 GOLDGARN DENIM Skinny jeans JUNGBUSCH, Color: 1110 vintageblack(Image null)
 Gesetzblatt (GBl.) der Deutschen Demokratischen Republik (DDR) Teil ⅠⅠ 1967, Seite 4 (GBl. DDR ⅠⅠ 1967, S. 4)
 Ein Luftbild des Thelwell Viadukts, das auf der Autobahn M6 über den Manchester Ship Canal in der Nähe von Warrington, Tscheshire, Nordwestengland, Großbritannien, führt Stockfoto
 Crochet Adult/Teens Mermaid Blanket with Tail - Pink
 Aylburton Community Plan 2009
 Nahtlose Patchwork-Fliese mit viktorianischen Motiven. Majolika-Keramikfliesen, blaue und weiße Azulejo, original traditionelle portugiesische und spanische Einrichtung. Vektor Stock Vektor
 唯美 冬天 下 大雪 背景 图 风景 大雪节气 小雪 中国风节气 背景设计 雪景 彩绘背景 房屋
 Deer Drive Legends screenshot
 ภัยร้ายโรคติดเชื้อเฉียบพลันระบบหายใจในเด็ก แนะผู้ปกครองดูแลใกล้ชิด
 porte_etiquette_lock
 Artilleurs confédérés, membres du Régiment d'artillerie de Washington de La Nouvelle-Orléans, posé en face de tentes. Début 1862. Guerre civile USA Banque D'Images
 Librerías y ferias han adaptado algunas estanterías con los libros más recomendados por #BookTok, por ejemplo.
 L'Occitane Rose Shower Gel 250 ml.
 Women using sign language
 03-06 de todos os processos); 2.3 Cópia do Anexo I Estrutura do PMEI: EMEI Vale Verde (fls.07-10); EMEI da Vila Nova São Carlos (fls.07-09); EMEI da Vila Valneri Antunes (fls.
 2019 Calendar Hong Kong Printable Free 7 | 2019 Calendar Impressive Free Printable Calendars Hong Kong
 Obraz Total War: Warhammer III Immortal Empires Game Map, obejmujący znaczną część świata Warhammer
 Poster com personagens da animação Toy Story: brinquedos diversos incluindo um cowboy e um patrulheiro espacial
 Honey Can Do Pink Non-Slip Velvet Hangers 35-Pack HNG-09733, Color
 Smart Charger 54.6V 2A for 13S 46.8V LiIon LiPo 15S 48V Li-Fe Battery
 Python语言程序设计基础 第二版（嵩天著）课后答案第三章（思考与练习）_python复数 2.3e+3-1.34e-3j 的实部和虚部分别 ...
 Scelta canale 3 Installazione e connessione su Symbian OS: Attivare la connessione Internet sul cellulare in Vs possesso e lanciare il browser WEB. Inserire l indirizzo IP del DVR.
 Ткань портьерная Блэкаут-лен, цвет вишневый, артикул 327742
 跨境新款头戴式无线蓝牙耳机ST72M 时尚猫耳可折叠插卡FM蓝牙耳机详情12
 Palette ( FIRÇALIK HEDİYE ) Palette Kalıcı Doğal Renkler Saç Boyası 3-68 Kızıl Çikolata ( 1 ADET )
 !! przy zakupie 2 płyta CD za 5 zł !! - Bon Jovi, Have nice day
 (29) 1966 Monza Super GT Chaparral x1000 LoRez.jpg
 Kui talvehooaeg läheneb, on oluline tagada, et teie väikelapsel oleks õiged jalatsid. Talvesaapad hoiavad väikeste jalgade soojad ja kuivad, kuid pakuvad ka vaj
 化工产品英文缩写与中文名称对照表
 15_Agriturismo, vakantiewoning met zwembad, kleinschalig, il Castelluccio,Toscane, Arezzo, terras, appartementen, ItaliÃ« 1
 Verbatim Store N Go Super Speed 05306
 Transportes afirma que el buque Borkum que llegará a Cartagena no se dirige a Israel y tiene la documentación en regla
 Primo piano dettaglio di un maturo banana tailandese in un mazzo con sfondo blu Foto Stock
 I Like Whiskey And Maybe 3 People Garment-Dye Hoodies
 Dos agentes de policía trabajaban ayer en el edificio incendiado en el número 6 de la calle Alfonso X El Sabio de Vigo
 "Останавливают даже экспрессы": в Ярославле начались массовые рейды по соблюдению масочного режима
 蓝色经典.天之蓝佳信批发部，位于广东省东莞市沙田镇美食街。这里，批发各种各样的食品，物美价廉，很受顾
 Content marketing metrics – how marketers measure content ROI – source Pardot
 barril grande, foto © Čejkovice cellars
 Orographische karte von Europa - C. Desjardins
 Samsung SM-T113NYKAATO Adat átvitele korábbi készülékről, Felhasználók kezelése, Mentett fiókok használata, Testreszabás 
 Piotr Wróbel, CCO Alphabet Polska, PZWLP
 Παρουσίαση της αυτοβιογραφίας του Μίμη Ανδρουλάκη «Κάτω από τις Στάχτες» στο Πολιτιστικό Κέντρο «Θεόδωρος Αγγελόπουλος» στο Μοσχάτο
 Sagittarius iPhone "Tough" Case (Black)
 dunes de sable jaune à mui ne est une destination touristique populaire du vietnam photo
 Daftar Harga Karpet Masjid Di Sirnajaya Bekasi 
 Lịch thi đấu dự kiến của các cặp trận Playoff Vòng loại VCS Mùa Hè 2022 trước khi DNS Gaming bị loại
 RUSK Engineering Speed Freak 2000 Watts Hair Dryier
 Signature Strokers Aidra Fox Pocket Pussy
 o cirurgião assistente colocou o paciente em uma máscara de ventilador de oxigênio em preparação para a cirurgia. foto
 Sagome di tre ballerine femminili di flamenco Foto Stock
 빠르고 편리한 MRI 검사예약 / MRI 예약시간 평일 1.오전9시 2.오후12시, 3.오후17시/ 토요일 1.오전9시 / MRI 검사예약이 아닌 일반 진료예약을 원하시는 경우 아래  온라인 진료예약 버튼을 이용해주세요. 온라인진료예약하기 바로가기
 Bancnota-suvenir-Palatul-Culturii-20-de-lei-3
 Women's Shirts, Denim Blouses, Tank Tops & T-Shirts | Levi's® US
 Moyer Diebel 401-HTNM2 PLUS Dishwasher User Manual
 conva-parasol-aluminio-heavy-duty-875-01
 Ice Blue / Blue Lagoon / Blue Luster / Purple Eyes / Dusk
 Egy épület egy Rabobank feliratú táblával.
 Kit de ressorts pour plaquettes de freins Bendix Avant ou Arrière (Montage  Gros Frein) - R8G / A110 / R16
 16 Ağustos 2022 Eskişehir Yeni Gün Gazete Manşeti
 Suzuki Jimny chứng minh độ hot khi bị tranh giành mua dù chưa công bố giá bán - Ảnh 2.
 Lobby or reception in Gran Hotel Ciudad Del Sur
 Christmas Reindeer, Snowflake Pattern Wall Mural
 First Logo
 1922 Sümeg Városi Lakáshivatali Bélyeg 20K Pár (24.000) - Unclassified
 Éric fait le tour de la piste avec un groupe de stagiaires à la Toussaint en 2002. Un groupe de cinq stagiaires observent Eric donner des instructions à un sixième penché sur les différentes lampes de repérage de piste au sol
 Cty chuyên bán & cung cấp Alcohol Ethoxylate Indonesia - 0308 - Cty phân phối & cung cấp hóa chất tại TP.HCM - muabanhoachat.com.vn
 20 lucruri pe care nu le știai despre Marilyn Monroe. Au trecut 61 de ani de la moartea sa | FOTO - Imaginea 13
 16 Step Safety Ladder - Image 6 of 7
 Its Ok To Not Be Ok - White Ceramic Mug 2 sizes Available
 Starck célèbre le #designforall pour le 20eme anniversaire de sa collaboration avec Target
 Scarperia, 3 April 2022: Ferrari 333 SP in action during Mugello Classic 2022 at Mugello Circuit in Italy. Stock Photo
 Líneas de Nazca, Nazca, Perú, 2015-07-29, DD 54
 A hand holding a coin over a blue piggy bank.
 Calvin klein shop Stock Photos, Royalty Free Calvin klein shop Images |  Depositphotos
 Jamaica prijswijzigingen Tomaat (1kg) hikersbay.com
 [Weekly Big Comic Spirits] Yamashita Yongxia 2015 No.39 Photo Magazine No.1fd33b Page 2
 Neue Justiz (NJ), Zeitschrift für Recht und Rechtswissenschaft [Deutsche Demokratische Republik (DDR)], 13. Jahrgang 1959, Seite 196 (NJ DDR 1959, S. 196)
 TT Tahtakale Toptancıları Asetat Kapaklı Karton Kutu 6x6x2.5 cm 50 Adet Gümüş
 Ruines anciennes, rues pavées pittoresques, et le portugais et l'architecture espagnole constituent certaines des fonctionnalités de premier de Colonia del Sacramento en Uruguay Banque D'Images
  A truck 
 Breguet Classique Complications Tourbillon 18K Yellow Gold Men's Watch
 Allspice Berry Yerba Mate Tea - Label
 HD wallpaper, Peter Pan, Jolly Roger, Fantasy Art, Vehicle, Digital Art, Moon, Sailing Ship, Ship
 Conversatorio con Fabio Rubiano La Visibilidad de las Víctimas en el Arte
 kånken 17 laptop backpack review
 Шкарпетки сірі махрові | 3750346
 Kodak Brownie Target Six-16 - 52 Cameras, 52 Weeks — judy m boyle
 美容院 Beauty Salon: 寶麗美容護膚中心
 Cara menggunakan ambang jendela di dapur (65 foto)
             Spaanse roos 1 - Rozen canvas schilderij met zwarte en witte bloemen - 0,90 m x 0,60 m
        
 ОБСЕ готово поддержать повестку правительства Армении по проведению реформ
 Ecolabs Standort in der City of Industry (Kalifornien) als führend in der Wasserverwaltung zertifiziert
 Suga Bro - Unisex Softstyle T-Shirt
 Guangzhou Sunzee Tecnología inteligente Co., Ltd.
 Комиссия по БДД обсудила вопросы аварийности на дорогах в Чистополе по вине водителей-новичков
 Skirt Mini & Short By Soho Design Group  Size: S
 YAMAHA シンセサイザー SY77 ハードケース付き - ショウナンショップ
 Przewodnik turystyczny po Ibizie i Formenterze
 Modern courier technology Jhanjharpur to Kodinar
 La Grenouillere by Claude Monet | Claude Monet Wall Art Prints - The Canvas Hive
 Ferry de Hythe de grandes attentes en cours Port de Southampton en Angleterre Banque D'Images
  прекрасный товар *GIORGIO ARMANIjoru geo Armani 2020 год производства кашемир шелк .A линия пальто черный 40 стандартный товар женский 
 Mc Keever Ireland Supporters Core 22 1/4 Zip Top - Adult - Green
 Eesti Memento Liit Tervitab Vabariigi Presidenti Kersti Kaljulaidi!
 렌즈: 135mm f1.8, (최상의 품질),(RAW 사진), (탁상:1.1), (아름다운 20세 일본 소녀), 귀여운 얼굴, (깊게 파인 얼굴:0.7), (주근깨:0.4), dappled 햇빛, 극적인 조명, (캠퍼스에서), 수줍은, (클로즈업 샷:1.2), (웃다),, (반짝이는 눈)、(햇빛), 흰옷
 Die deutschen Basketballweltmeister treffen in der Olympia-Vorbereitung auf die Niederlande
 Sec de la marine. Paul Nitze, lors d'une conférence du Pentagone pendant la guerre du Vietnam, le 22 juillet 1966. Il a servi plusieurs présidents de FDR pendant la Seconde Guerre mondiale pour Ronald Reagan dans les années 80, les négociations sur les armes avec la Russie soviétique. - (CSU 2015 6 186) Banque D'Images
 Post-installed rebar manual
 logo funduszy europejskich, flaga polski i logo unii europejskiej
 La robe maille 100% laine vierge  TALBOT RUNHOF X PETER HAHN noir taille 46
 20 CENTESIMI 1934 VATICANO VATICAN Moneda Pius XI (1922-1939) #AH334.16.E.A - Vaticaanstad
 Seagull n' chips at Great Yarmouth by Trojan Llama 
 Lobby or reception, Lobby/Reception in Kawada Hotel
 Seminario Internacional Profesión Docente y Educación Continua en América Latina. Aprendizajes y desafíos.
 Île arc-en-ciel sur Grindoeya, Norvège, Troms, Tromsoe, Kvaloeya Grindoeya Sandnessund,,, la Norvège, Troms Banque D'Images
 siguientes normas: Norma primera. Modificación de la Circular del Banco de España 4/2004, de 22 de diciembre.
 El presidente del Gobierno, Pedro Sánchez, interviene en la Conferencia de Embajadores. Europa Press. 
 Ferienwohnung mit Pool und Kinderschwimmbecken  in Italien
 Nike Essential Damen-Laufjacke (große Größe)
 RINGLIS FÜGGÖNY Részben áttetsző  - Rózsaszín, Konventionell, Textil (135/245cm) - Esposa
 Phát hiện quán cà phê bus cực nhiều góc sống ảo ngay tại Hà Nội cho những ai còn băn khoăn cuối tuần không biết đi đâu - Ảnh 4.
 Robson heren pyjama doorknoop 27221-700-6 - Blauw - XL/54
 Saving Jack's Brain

■ ■ ■ ■

WHAT TO PRODUCE:
Extract the lines of the preceding material that run from the line with "Primo piano dettaglio" through the line with "Dos agentes de", inclusive, reproducing them exactly and adding nothing.

YOUR SOLUTION:
 Primo piano dettaglio di un maturo banana tailandese in un mazzo con sfondo blu Foto Stock
 I Like Whiskey And Maybe 3 People Garment-Dye Hoodies
 Dos agentes de policía trabajaban ayer en el edificio incendiado en el número 6 de la calle Alfonso X El Sabio de Vigo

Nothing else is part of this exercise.